== Recorded information

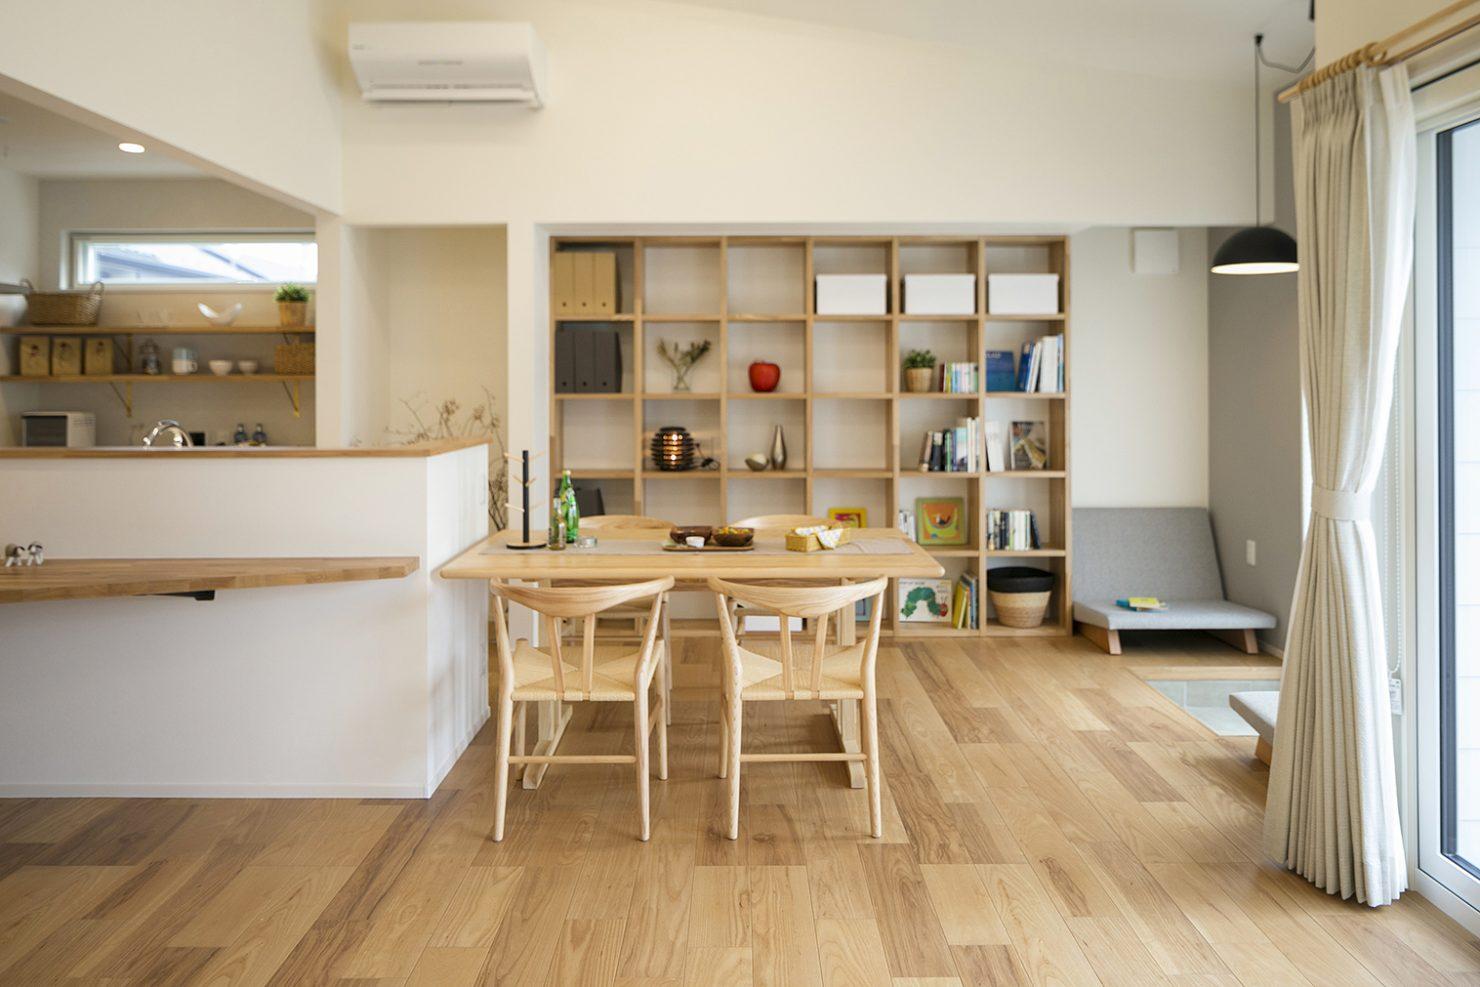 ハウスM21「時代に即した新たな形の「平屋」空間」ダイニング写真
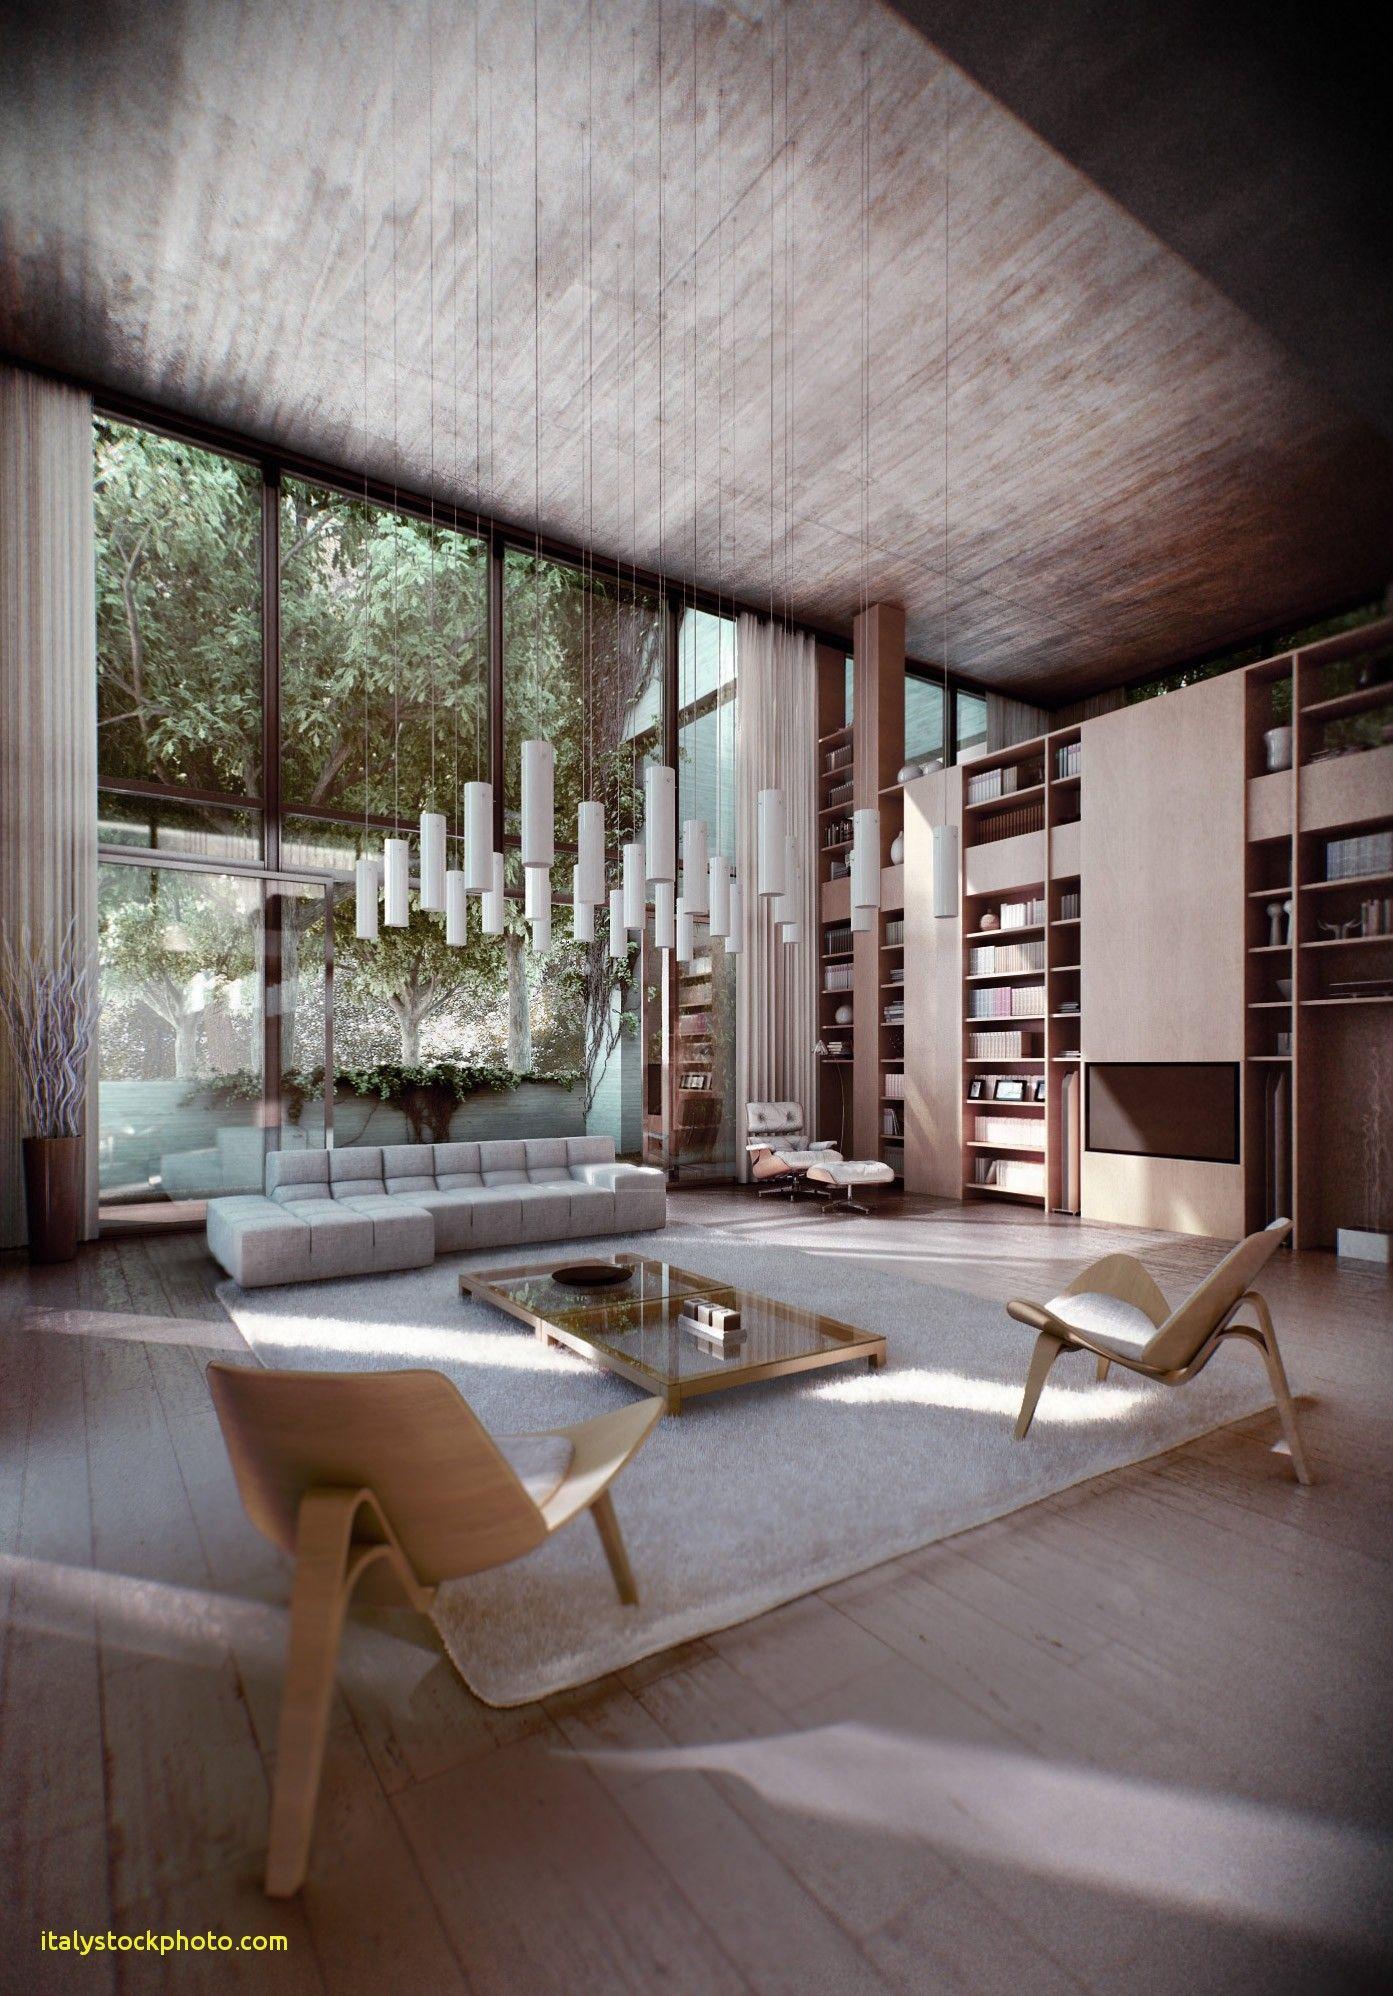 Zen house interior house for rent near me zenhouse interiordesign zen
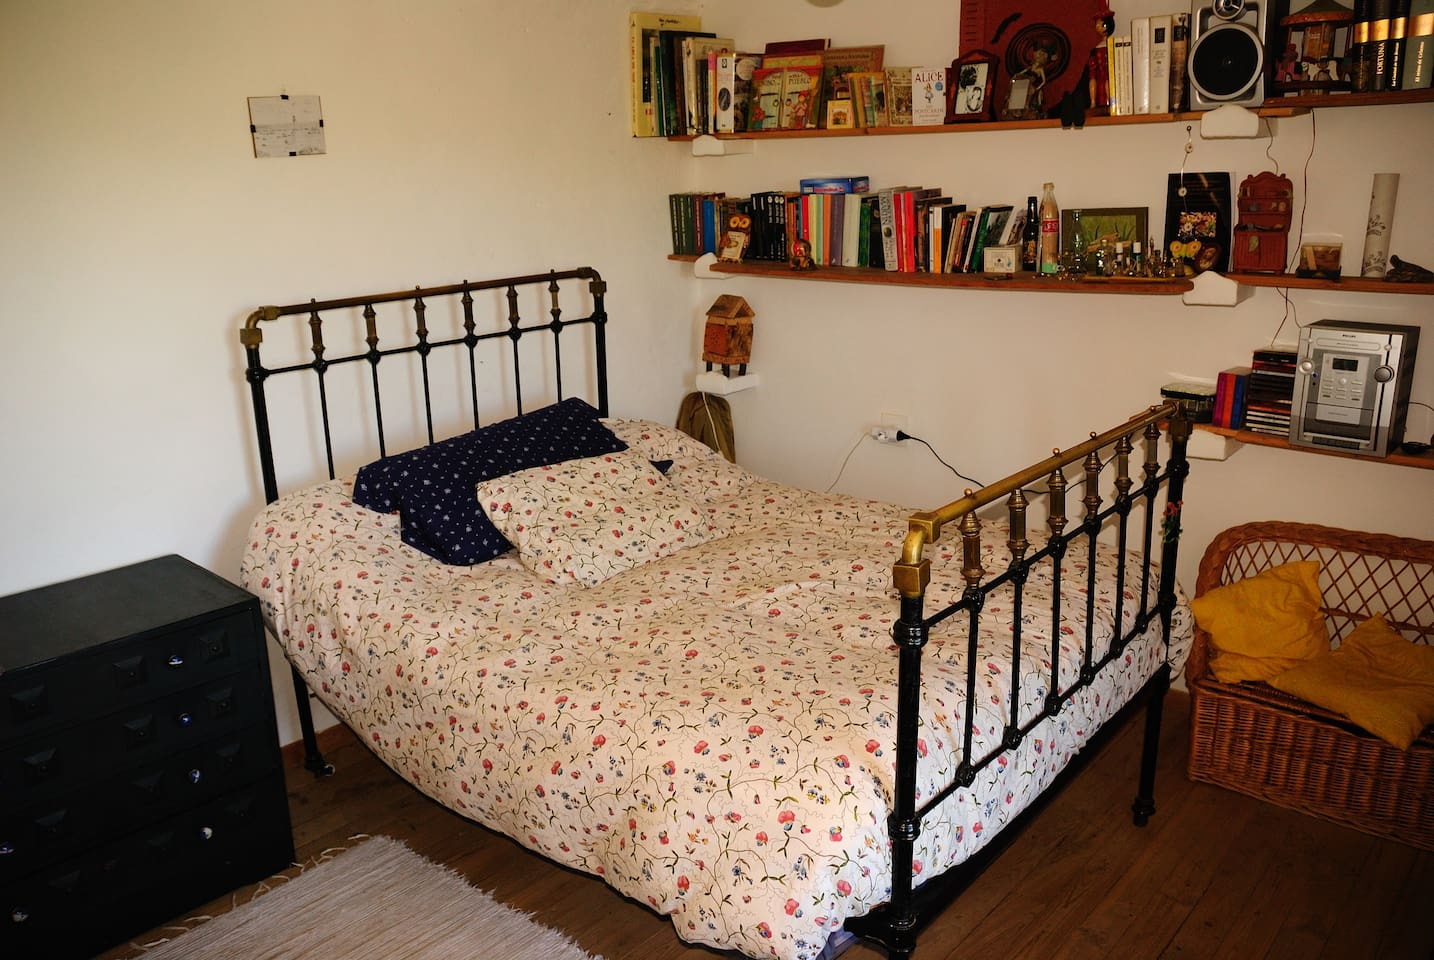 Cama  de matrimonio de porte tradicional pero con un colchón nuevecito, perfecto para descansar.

====

- Assignment -
Everything from the line containing "Zen house interior" to the last line of the listing above must be reproduced exactly, with no pictures included.

- Answer to the problem -
 Zen house interior house for rent near me zenhouse interiordesign zen
 Cama  de matrimonio de porte tradicional pero con un colchón nuevecito, perfecto para descansar.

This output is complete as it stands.